Robinhood will allow customers to use AI agents to trade stocks automatically on their behalf, marking the first time a major stock trading platform has opened its doors to autonomous artificial intelligence trading. The company announced the feature will launch in beta, initially supporting equities trading with plans to expand to options, crypto, event contracts and futures later.
The move represents a significant shift in how retail investors interact with financial markets. Instead of manually placing trades or following preset rules, users can now delegate investment decisions entirely to AI systems that can analyze market conditions and execute trades around the clock.
Customers will be able to open dedicated agentic trading accounts separate from their standard Robinhood accounts. These AI agents can autonomously buy and sell stocks using whatever funds users provide access to. Users maintain control through several safety features:
- Ability to pause autonomous trading at any time
- Option to preview trades when requesting them from agents
- Complete separation from standard trading accounts
- User-defined spending and trading limits
The feature extends beyond trading into spending. Robinhood Gold Card holders can also let AI agents make purchases on a virtual credit card. Users can set spending limits or require manual approval for each purchase the agent attempts to make.
This development fits into a broader trend of AI agents moving from simple chatbots to systems that can take real-world actions.
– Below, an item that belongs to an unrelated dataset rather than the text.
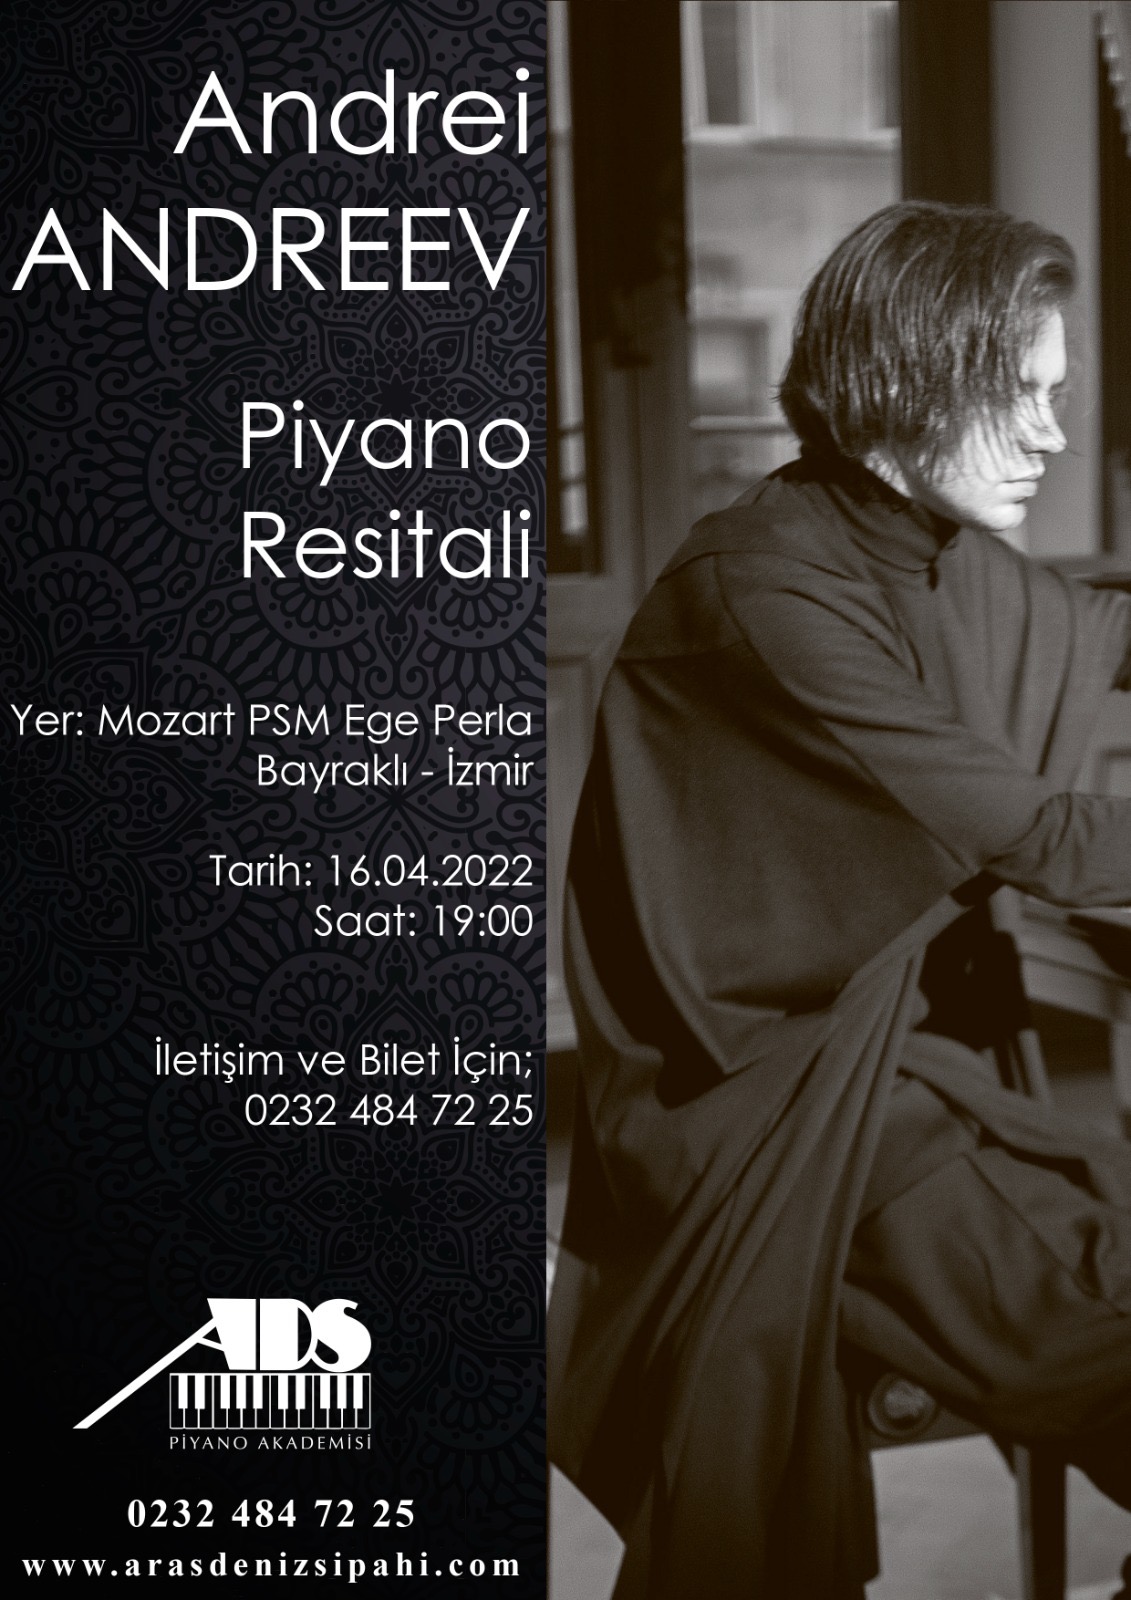 Andrei ANDREEV Piyano Resitali, ADS Piyano Akademisi Organizasyonuyla Ege Perla'da!

The financial sector has been particularly aggressive in exploring these applications. Trust Wallet, owned by Binance, launched similar autonomous cryptocurrency trading features in March 2026.
The timing reflects growing confidence in AI decision-making capabilities, even for high-stakes activities like investing. Robinhood built its reputation on democratizing trading for retail investors during the COVID-19 pandemic, and now extends that mission to AI systems.
“Our mission has always been to democratize finance for all, and now, that mission extends to AI agents,” said Robinhood founder Vlad Tenev, whose net worth Forbes estimates at $4.6 billion.
The beta release focuses on equities trading first, likely reflecting both regulatory considerations and the relative simplicity of stock trades compared to more complex financial instruments. The planned expansion to options and futures trading will test whether AI agents can handle more sophisticated investment strategies.
Questions remain about how regulators will oversee AI-driven trading and what happens when these systems make poor decisions with real money. The separate account structure provides some protection, but users will still bear the financial consequences of their AI agents’ choices.